Let me ask you this: what is the biggest pain faced by dashboard developers? No, it’s not running out of caffeine because the office espresso machine broke. Indeed, among other things, this book assumes you have ample access to caffeine. What, then, is the biggest pain? The answer doesn’t have to do with the nature of your data (although unclean and unkempt data is a pain in its own right). Even with caffeine and good data, another problem arises. That data is all over the place: in different tables, worksheets, or workbooks.
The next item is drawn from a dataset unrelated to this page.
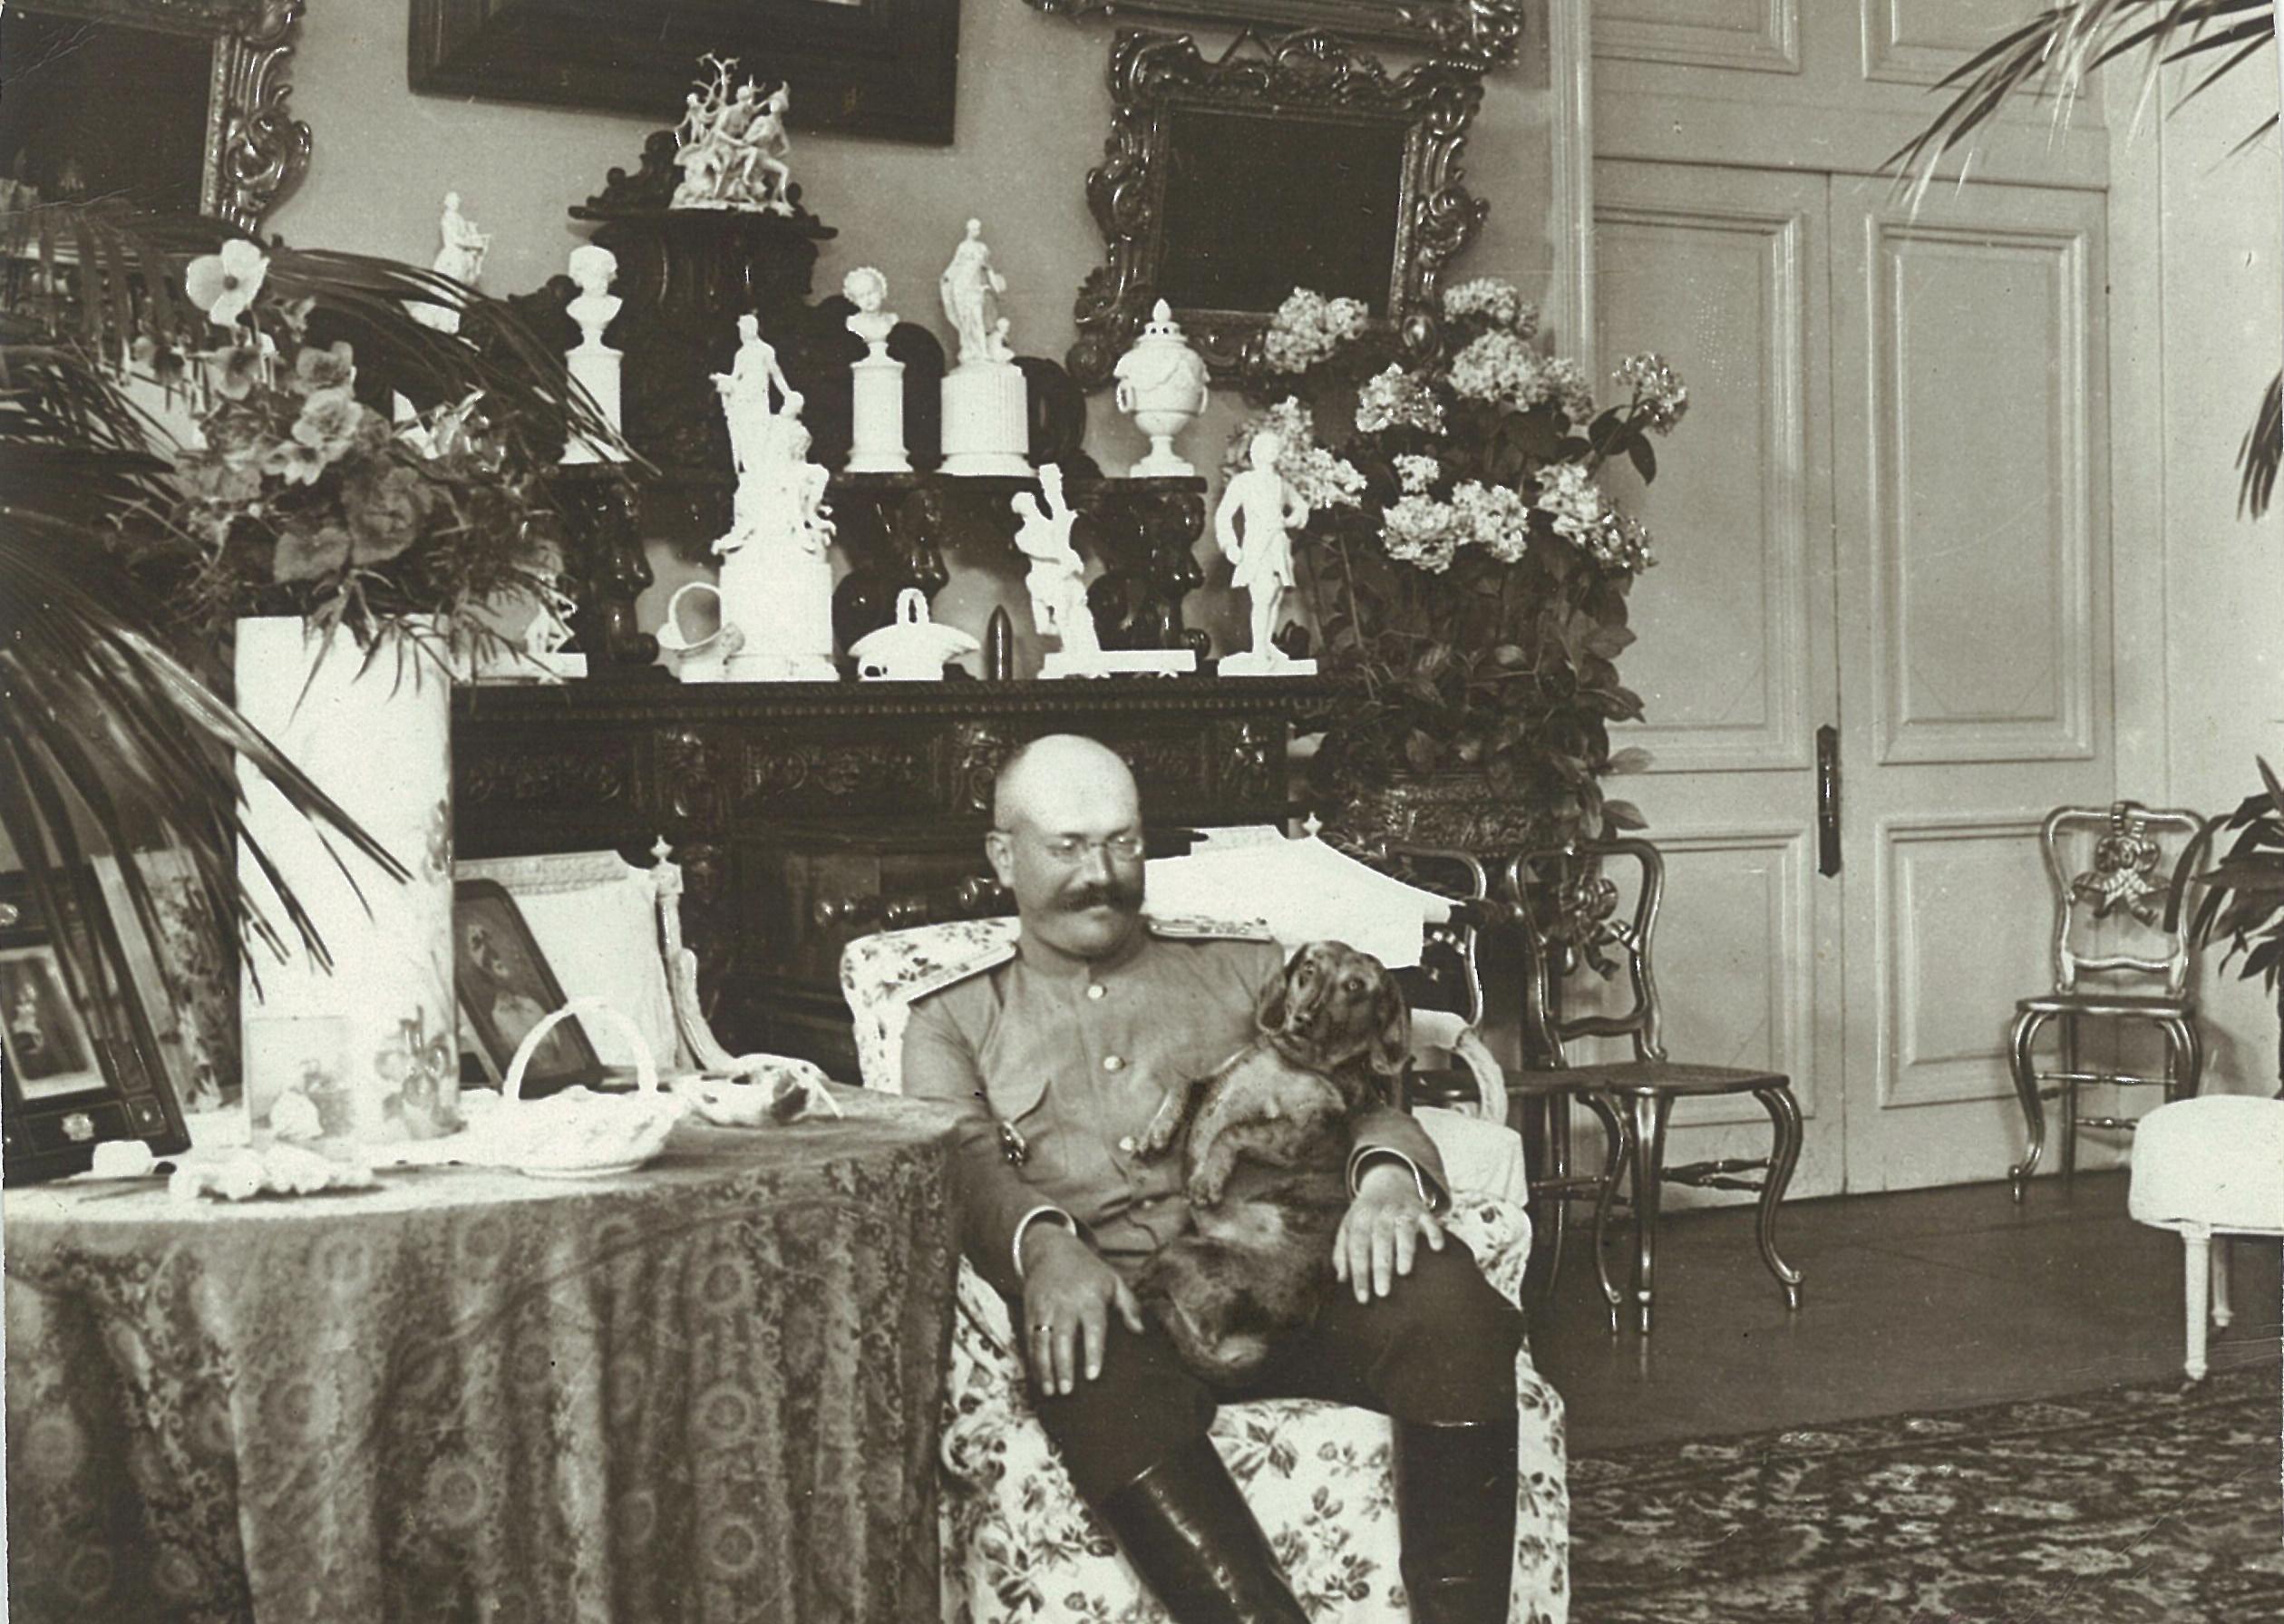 В.П.Всеволожский с собакой в одном из залов усадебного дома в Рябово (на фоне коллекции фарфора),

Disconnected data is an age-old problem. Ever since cavemen figured how to draw glyphs on inner walls, people have been asking questions like, “Is this the same symbol drawn on that cave 75 clicks south?” Those were the days before VLOOKUP, so our ancestors ran through forests in the heat to connect those symbols. Those were among the first data connections we humans created.

And yet we might be no better today either. We’ve replaced cave walls with databases, tables, workbooks, comma-separated value (CSV) files, and web sites. Instead of running through forests in the hot sun, we’ve employed a knotted web of VLOOKUPs and other crazy functions to ensure the data is connected. But when our boss asks, “Can you make a report combining sales data in SAP with customer data in our CRM and production data in ERP?” we might as well be running across that prehistoric forest for all the sweat, anxiety, and work required to fulfill this request using lookup functions and formulas.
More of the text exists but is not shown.